On the part of political power holders there shouldn’t be a vague desire but a determined will and the capability of improving a lot of the poor by mobilizing the natural, human, material, political and moral resources at their command. But this does not take place because the low education, the self-absorbed selfishness of the political power holders and their craving and greed for bribes and ‘commissions’ prevent them from a wholehearted commitment to not only to any social reformation and improvement project but even in solving the garbage problem for which too they expect bribes, like in Meehotamulla and in the Uva Province. They direct their main attention to their lazy and unproductive kith and kin to whom they invariably distribute the funds, at their disposal, which belong to the people.

The intellectual poverty of these politicians makes their fragmented view of social reality produce a penury of vision that leads them to become greedy fellows who satisfy their hankering and low personal inclinations and completely ignore the civic dimensions and social responsibility of their mission as elected representatives.

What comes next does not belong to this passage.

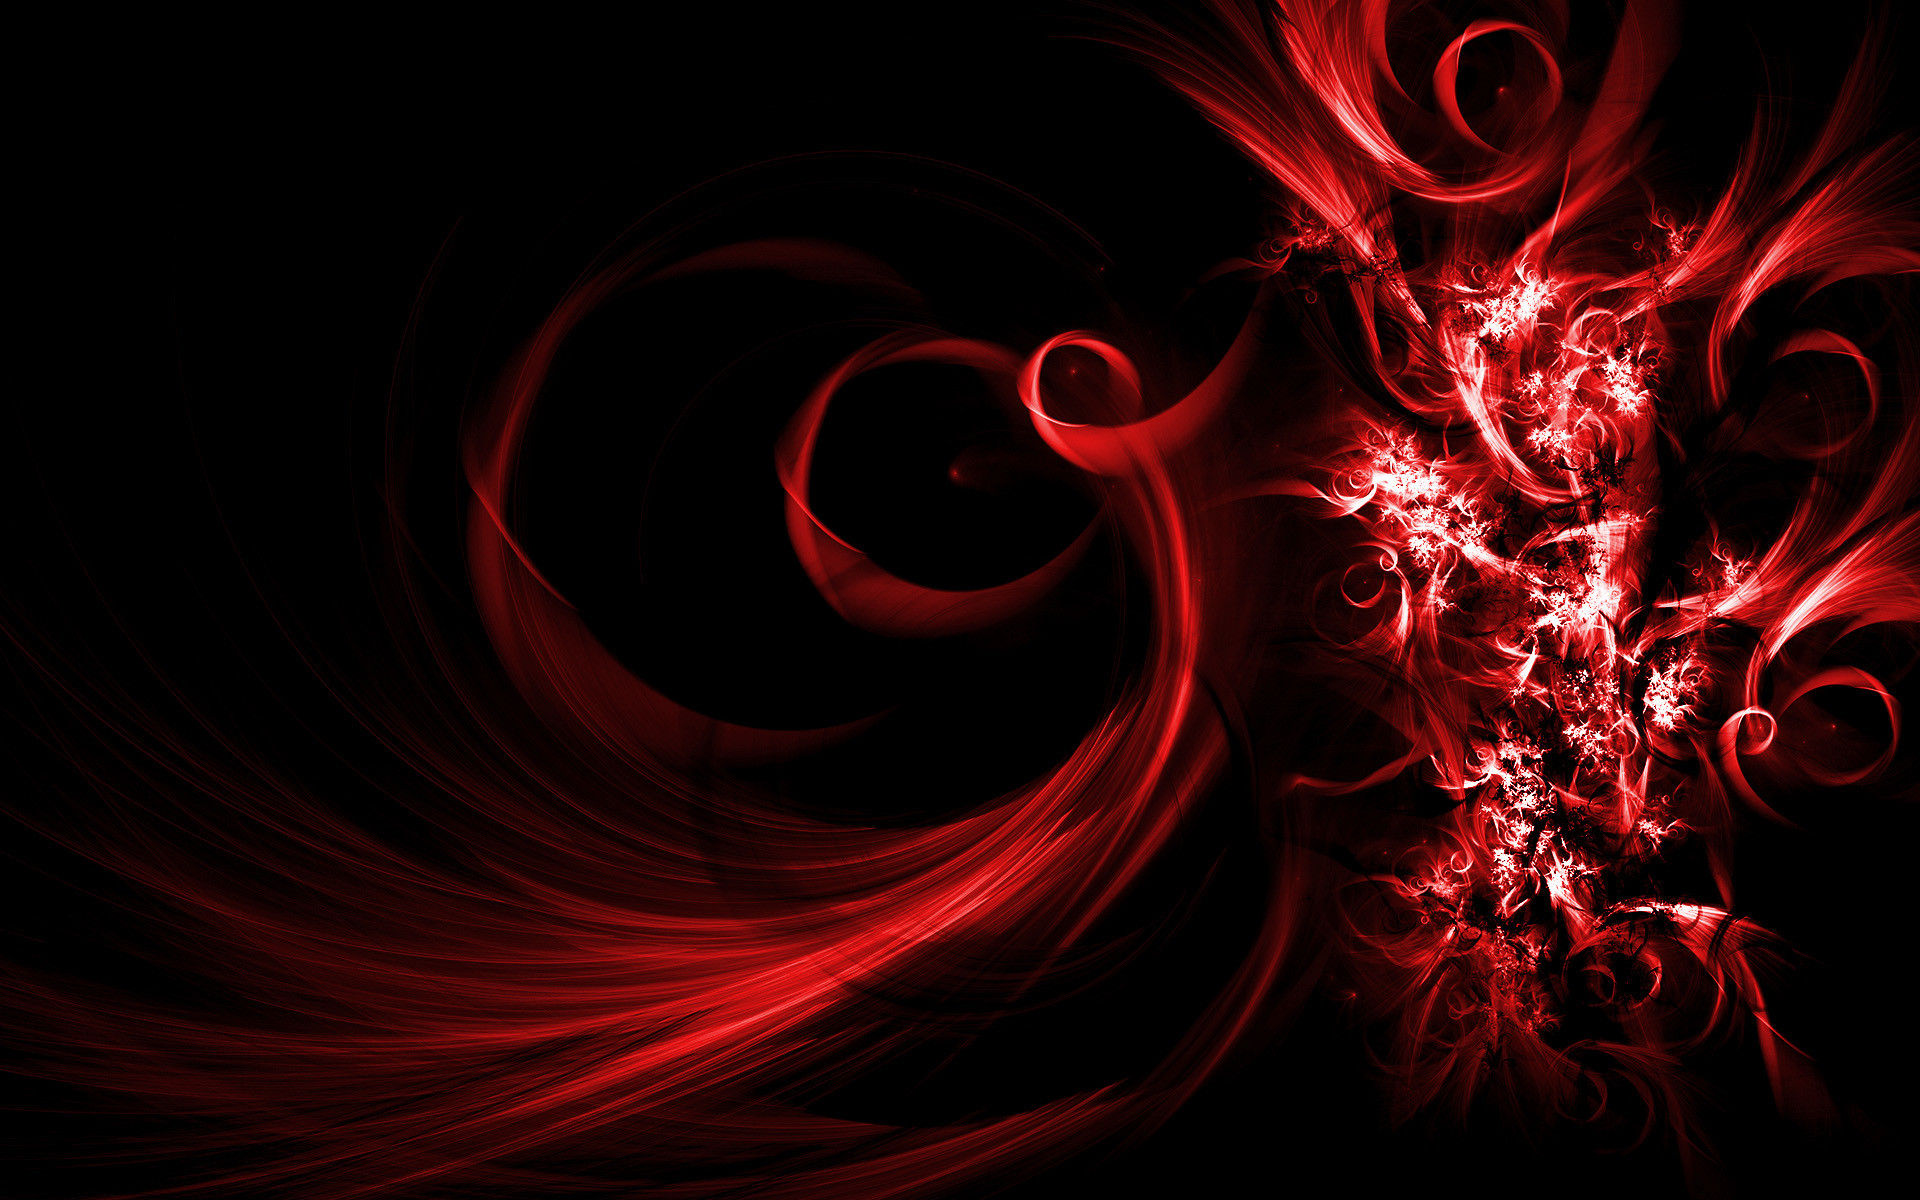 1920x1200 File Name : Abstract Red Wallpaper HD 1920Ã1200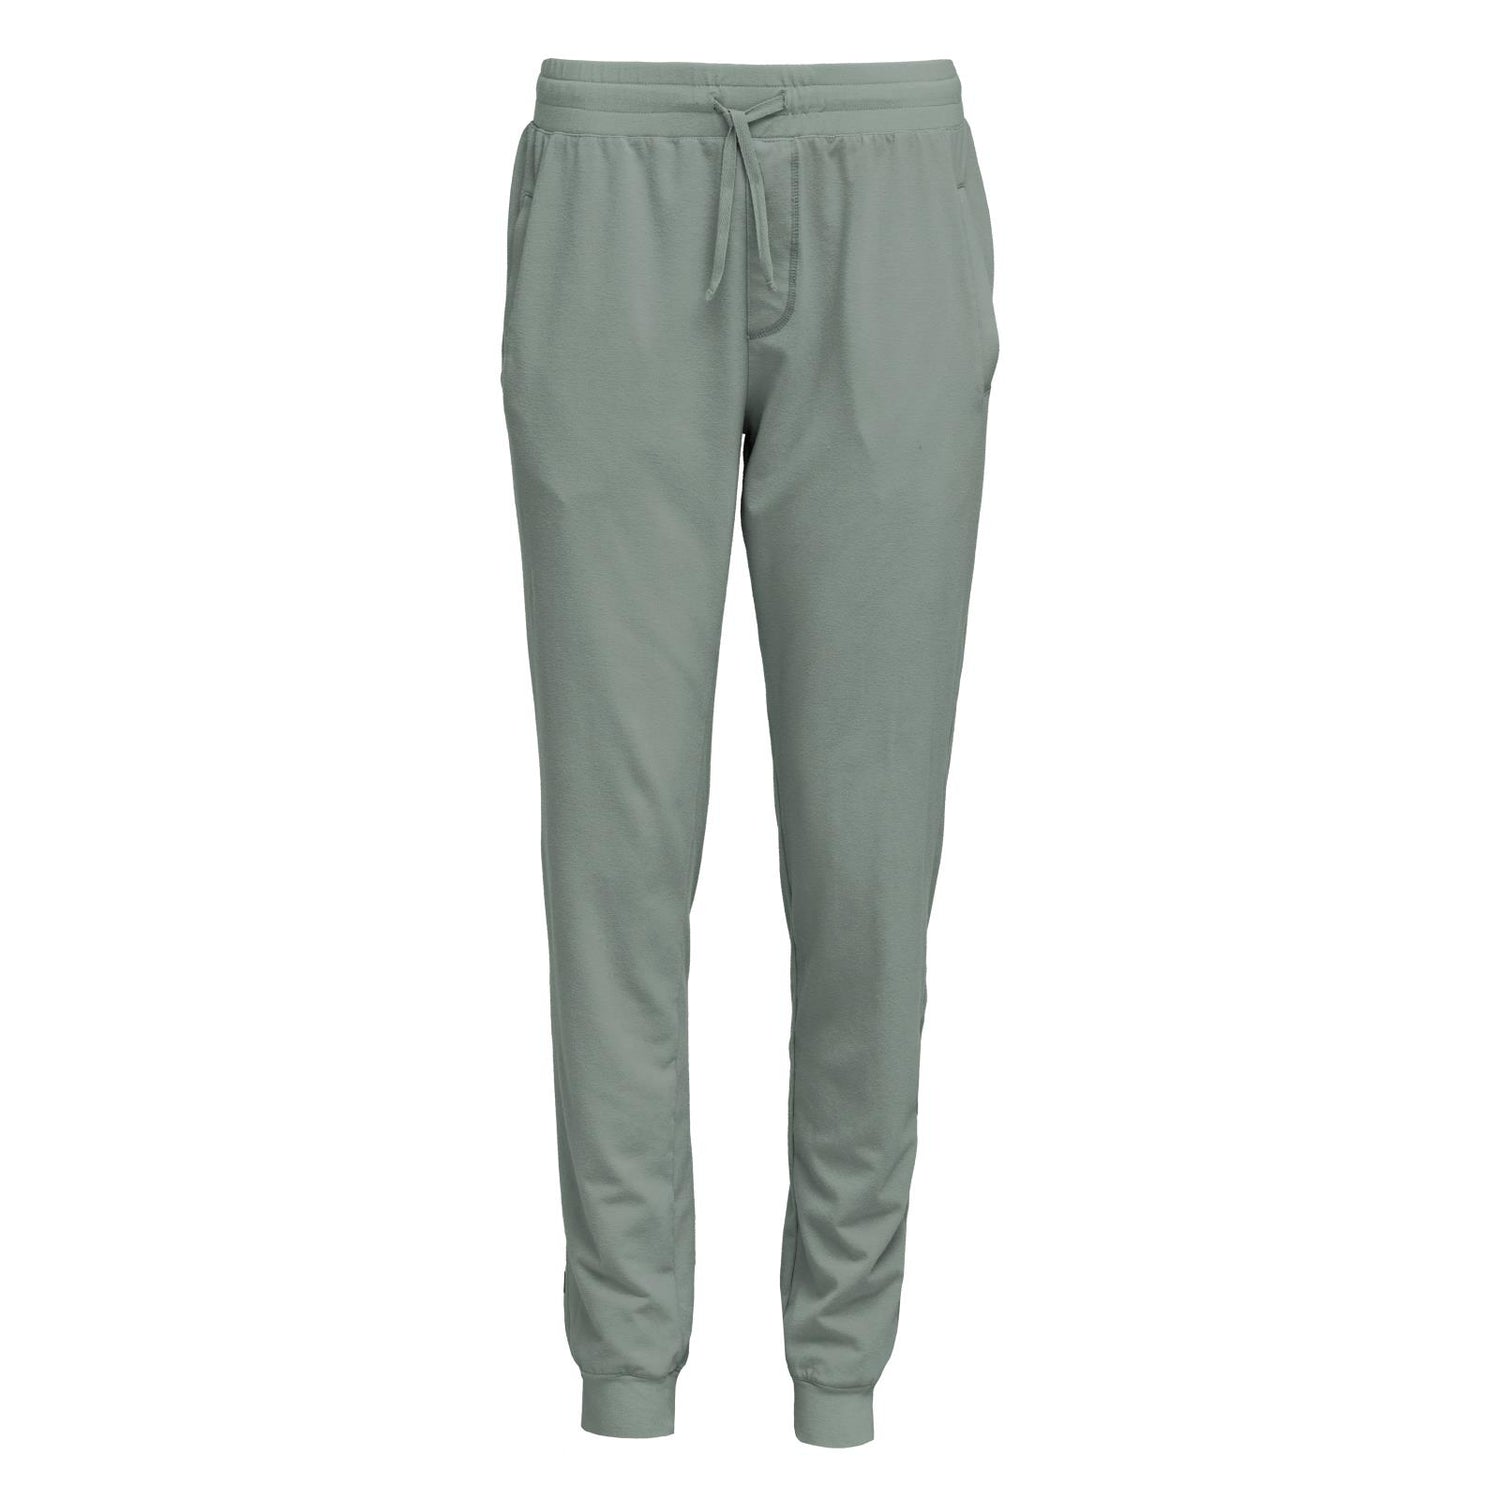 Women's Solid Luxe Athletic Joggers in Lily Pad

The highly visible and socially unacceptable contrast between the rich and the poor cannot be transformed by the extremely corrupt politicians who have been in power for several decades and who are clever thieves who know how to rob and hide their illegal gains in secret hideouts. They create social tension and animosity by sowing racial and religious prejudice between the poor and the rich and powerful, pander to the addiction to alcohol among the riff-raff of society, sow violence among social classes and fish in troubled waters.

These lead to a spiral of violence and hatred that complicate and do not help solve social problems. Political and economic power is more concentrated than ever before in the hands of those who govern. All need to discover a dispassionate social and civic sense, sit down at a table, discuss what needs to be done and reasonably decide to do the reforms that are needed and execute them without violence and bloodshed. This needs an integrity of character not yet visible in the political, economic and professional fields.

In the corrupt political culture of Sri Lanka, the palatial residences of politicians and businessmen closely connected to every governing class are in no way symbolic of justice, fair play, equality of people, decency and recognition of merit.

Rulers also side with favoured groups and religious high ups who are made a new kind of princely class who create themselves into a newly rich privileged class above other people and even above the rule of law. Rising in importance again but finding its function limited to the slavish service of rulers, the upper bourgeois bureaucrats, shift their loyalty from the workplace, trade union and political party to the autocratic ruler’s palace. For ordinary people, administrative centralization and politically sanctioned half-baked socio-economic ‘reforms’ have the effect of loss of human dignity and freedom and of more rigid controls being imposed over their lives.

Only a determined and honest government of honest individuals could accomplish the desired reforms as man-made problems created by corrupt men and women could only be satisfactorily solved by honest rulers elected by citizens determined about electing persons of integrity to govern.